Так, собственно, и в
Ливии. Когда мы рассматриваем оранжевые революции на Ближнем Востоке, в
обоих случаях видно одно — что ситуация была созревшая, и держалась
она под тонкой крышкой закона, силовых структур и видимости порядка.
Достаточно было очень небольшого удара для того, чтобы эта крышка
треснула и народ повалил на улицы. В этом случае для них социальные сети
и интернет просто стали гениальным инструментом мгновенного
информирования друг друга и местом, где можно размещать свои
идеологические материалы, на основании которых народ будет выдавать
предсказуемую реакцию.
Теперь поговорим о России. Сложившуюся на
сегодняшний день ситуацию можно оценить, посмотрев и с точки зрения
конспирологии, и через «бритву Оккама» на феномен господина Навального.

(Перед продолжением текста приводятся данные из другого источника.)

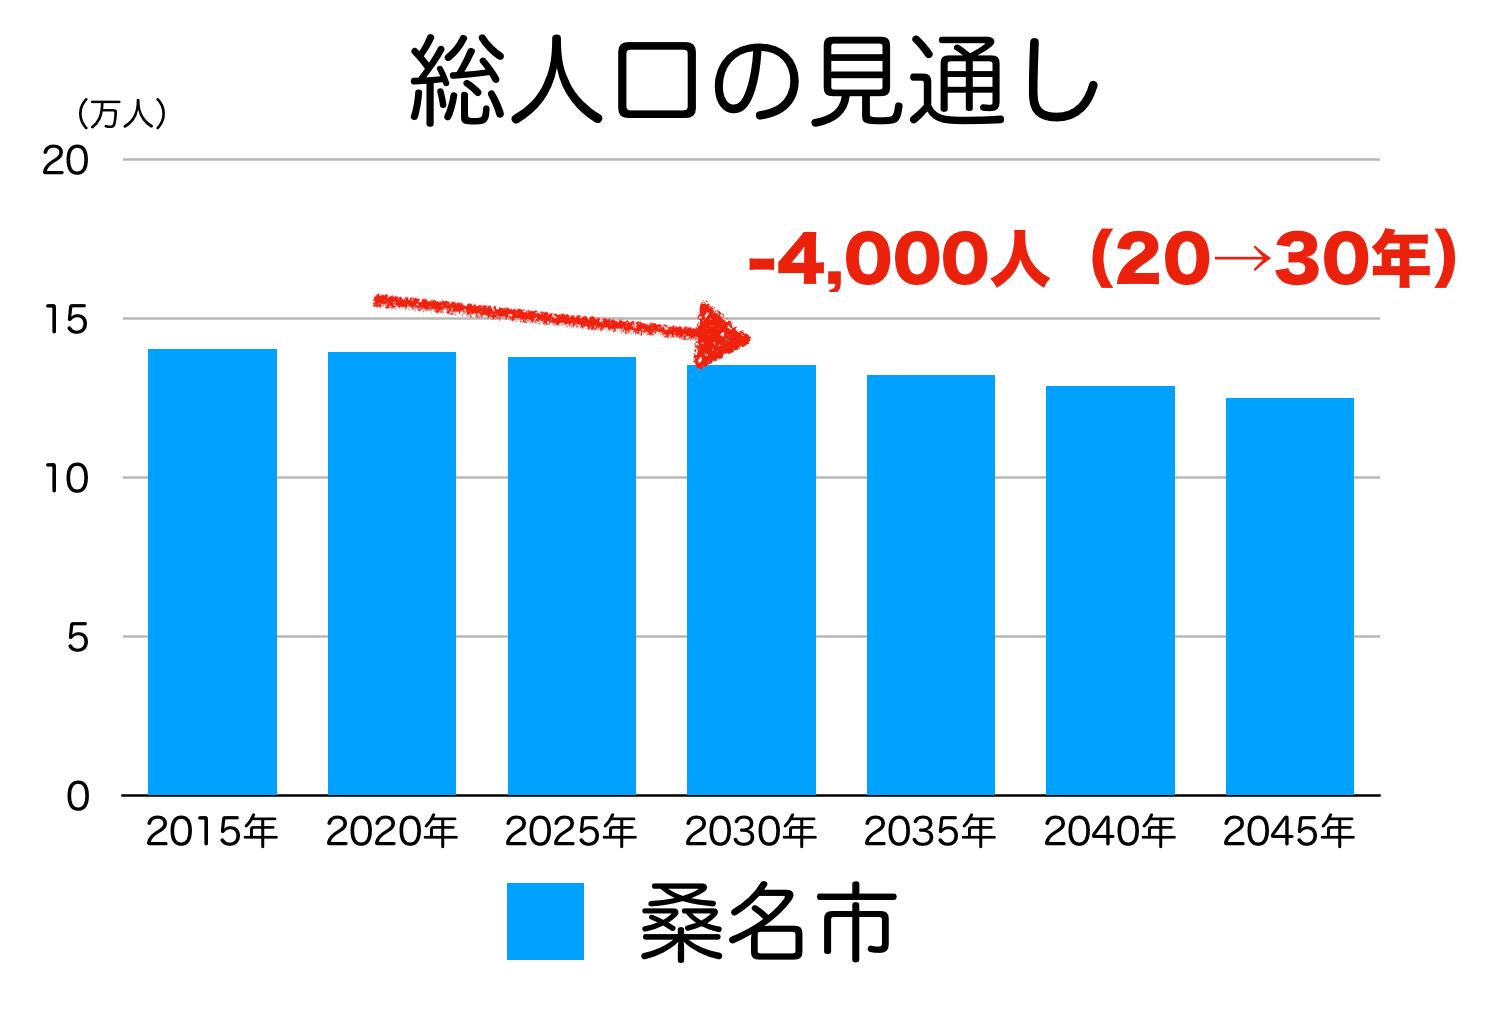 桑名市の人口予測

С
точки зрения конспирологии, он — агент, наймит Госдепартамента США со
своими деньгами, который стоит за то, чтобы кто-то вокруг себя собирал в
некоей точке кристаллизации недовольных. И тогда социальные сети и
интернет используются как прекрасный канал для приложения этих денег.
С точки зрения «бритвы Оккама», — лично я склонен придерживаться
именно ее, поскольку она более точно отражает реальность, не
фантазийную, а ту, что за окном, — с точки зрения «бритвы Оккама», все
гораздо проще. Народ имеет установку, что в России воруют и больше всех
воруют чиновники. Кто бы не стал говорить, будь то Навальный или Вася
из деревни, про то, что «в России воруют», он априори получит
молчаливое одобрение людей, потому что его точка зрения совпадает со
всеобщей картиной мира. Поэтому тот, кто будет говорить более
убедительно, более страстно, более весомо, тот и станет символом
движения, направленного на борьбу с тем, что россияне и так считают
национальным бедствием. Любые попытки очернить личность того же
Навального в социальных сетях, в проповедях с амвона и с экранов
телевизоров не достигают успеха, потому что они противоречат базовой
установке, аксиоме, которая сидит в голове у всех россиян — «в России
воруют». Когда люди слышат, что кто-то говорит «Навальный плохой», они
пожимают плечами и думают: «Какая разница, плохой или не плохой.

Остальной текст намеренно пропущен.